Доброе лицо мореплавателя
приобрело выражение бывалого флибустьера, готового кинуться на абордаж. Да и
сила в его закаленном рудничной тачкой, добровольной каторгой на своей даче и
принудительной повинностью на колхозных полях, теле накопилась не малая. В
обращении с двухпудовой гирей ему равных в близком окружении не находилось. Не
говоря уж о «яблочке» вприсядку в сочетании с тустепом, заимствованном у янки в
неформальном общении на их лендлизовских посудинах.
- Не стоит,
Леня, с говном связываться, - остановил его Гера Якушев. - Все эти бзыки идут
от половой недостаточности - вот вы и грызетесь. Я поступил проще: кубашку
завел - и стал добродушным. А до этого прямо удовольствие испытывал Мандру
подзуживать: чо, мол, ты, техник несчастный, мне, старшему инженеру, указываешь?

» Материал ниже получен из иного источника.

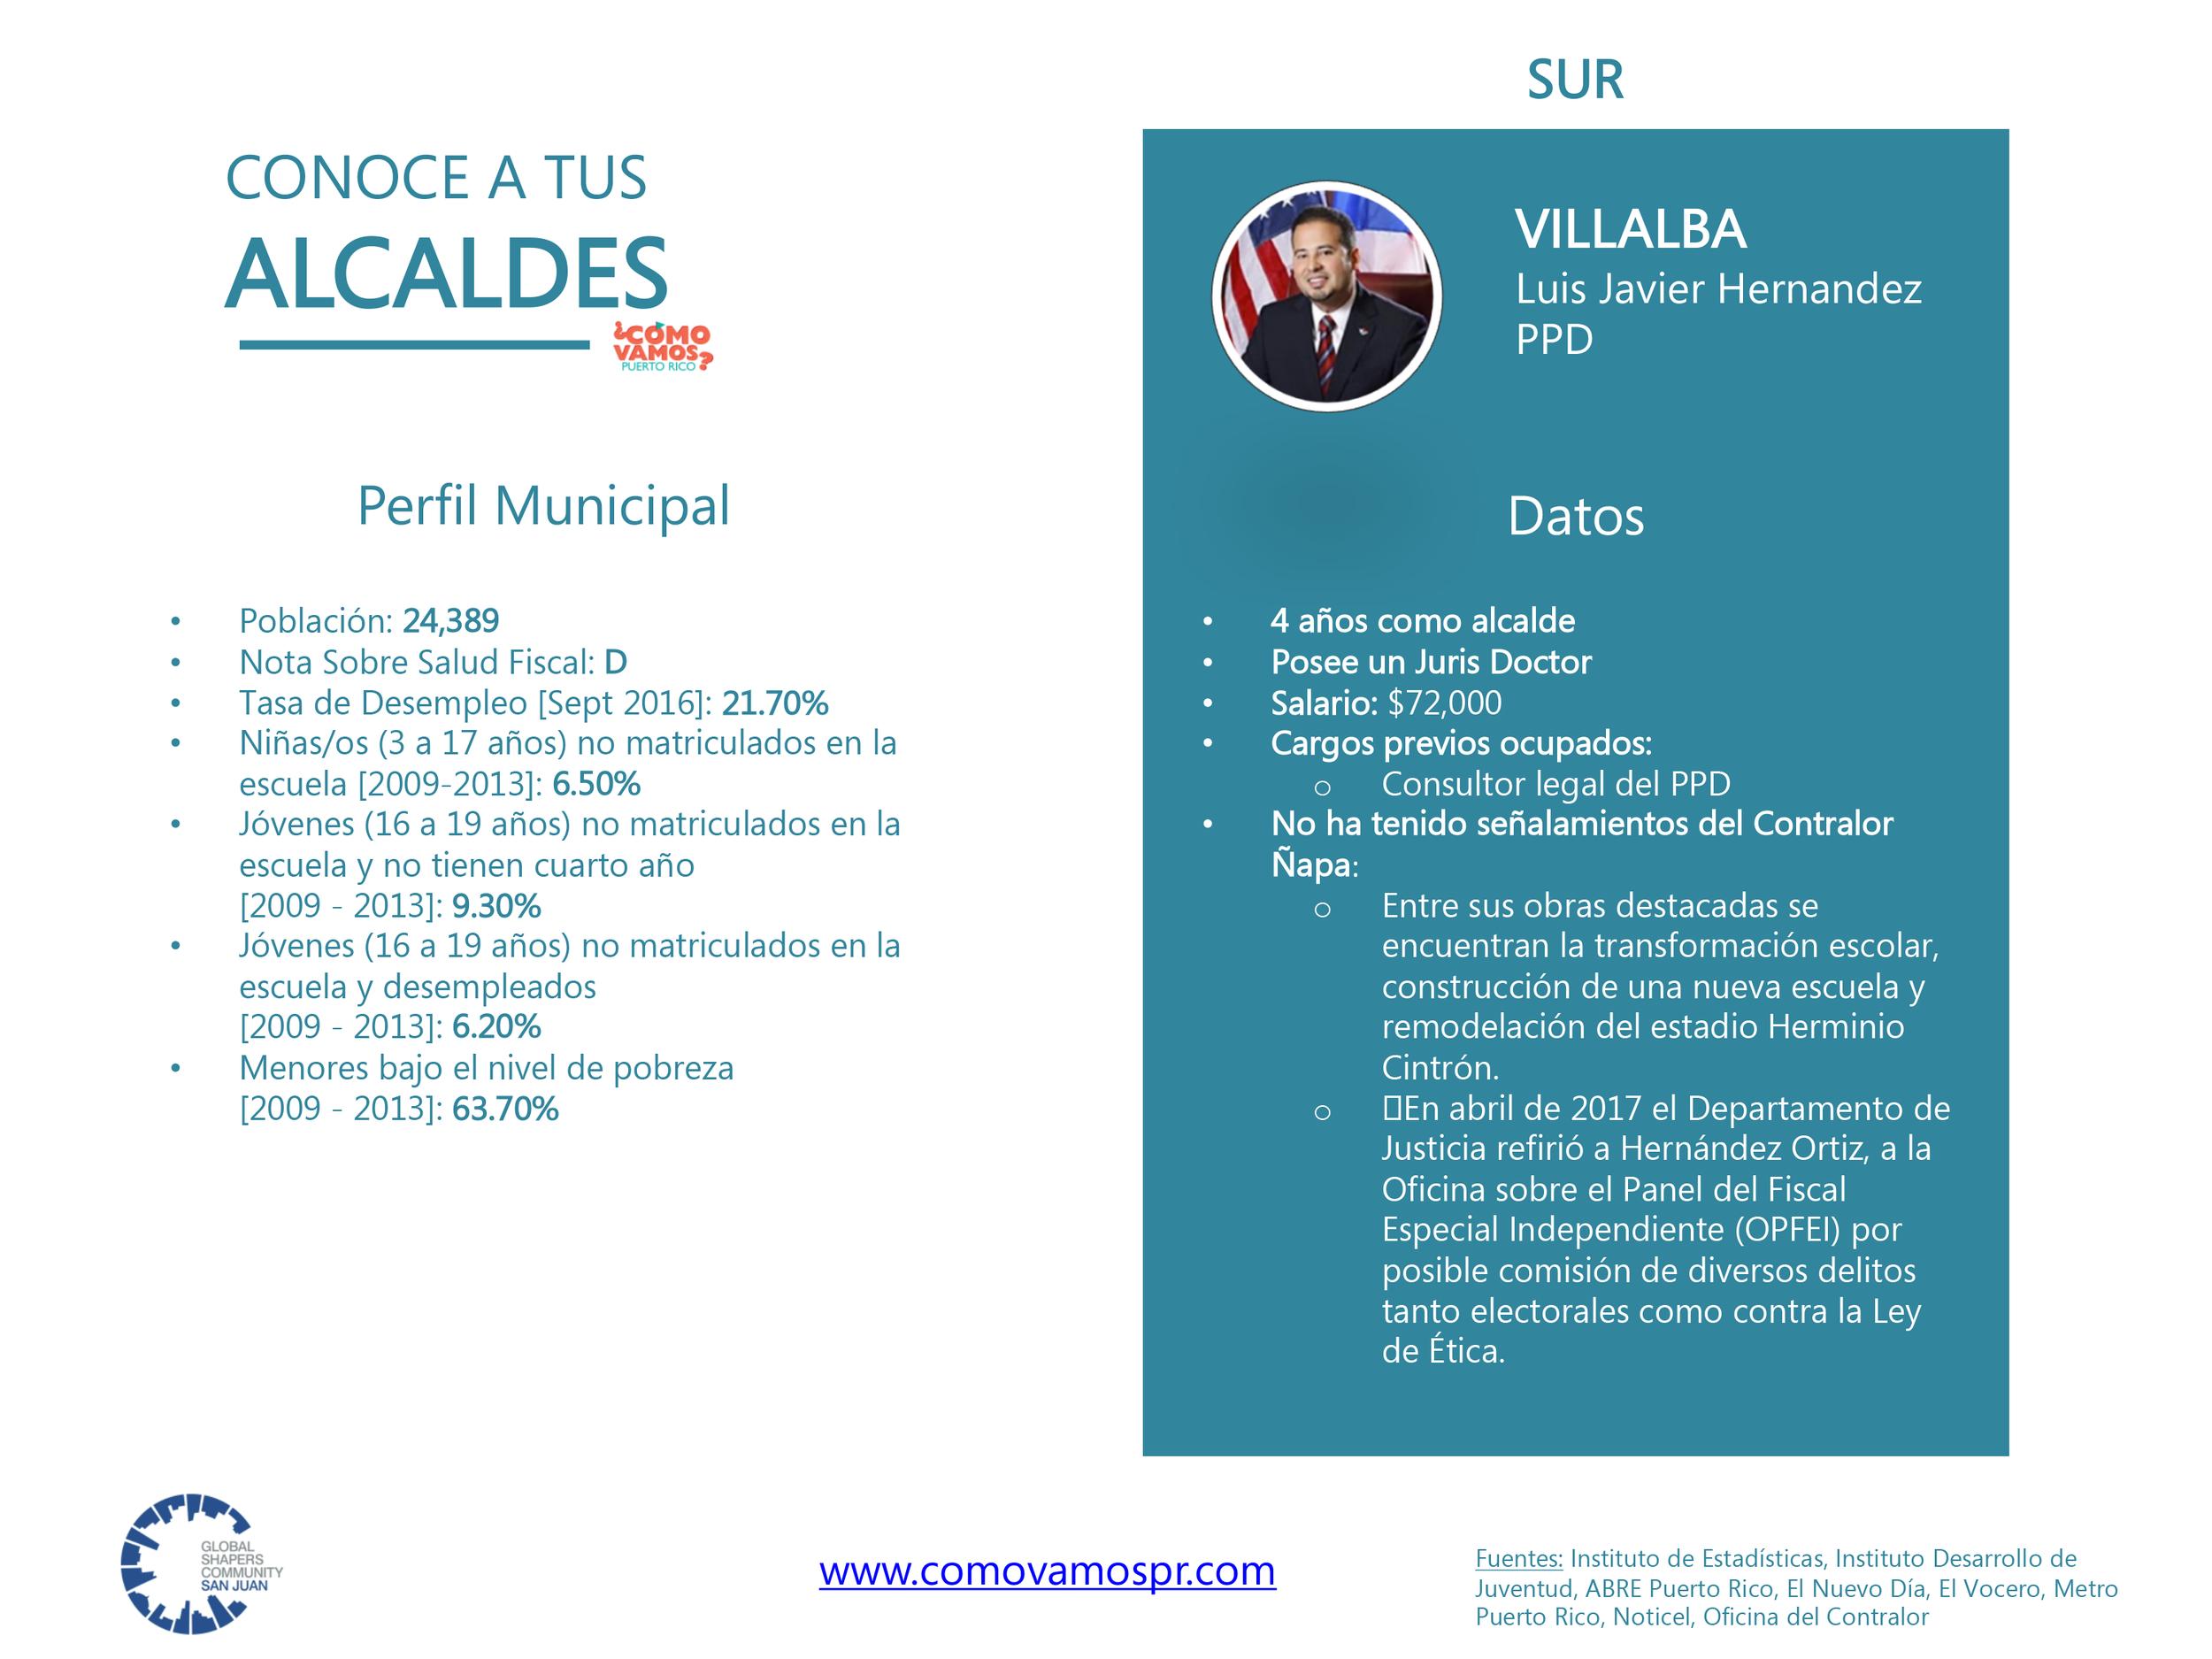 Alcaldes_Sur-Villalba.png

Тебе у меня учиться уму-разуму надо... А это ему - как репей под репицу! - аж белеет
от ярости. Он же в Союзе на ступень выше стоял, кем-то вроде моего начальника
был. А здесь его опустили!
У Геры Якушева, некогда
брошенного матерью, бежавшей в неизвестном направлении с бывшим уголовником, был
легкий и прямой характер. Воспитывался он по блату в Бугурусланском детдоме-интернате,
при котором столяром работал покинутый женой отец, человек добрый и
слабохарактерный.
После исчезновения первой
жены он женился на вздорной бабенке, не согласной делить свою любовь между
мужем и его детьми от беглой жены - пацаном и девочкой. Отец уговорил директора
детдома оформить его сына и дочку на воспитание в этом учреждении. Воспитание
прошло в либеральном духе. Гера никого и ничего не боялся, говорил и делал то,
что думал и хотел. А все, что для других выглядело трагедией, для него было
трын-травой. В его сухом смуглом теле, в карих отчаянных глазах за стеклами
очков в толстой оправе бушевал святой огонь бесстрашия и свободы. И все нападки
на личную независимость разбивались о его готовность пойти на костер за волю и
порядочность, как он их понимал.
Нападки никаровских
воспитателей от партбюро и профкома разбивались о его упрощенный юмор: «Да вы
хоть член мой на пятаки порубите - я все равно таким же останусь! А что я
плохого сделал? Я же не ваших жен трахаю, а кубинку по обоюдному согласию. И
это нам обоим нравится. В Союз меня хотите выслать – высылайте! Только закон
сначала покажите: трахать кубинок запрещено. Иначе в гробу я вас всех видел!..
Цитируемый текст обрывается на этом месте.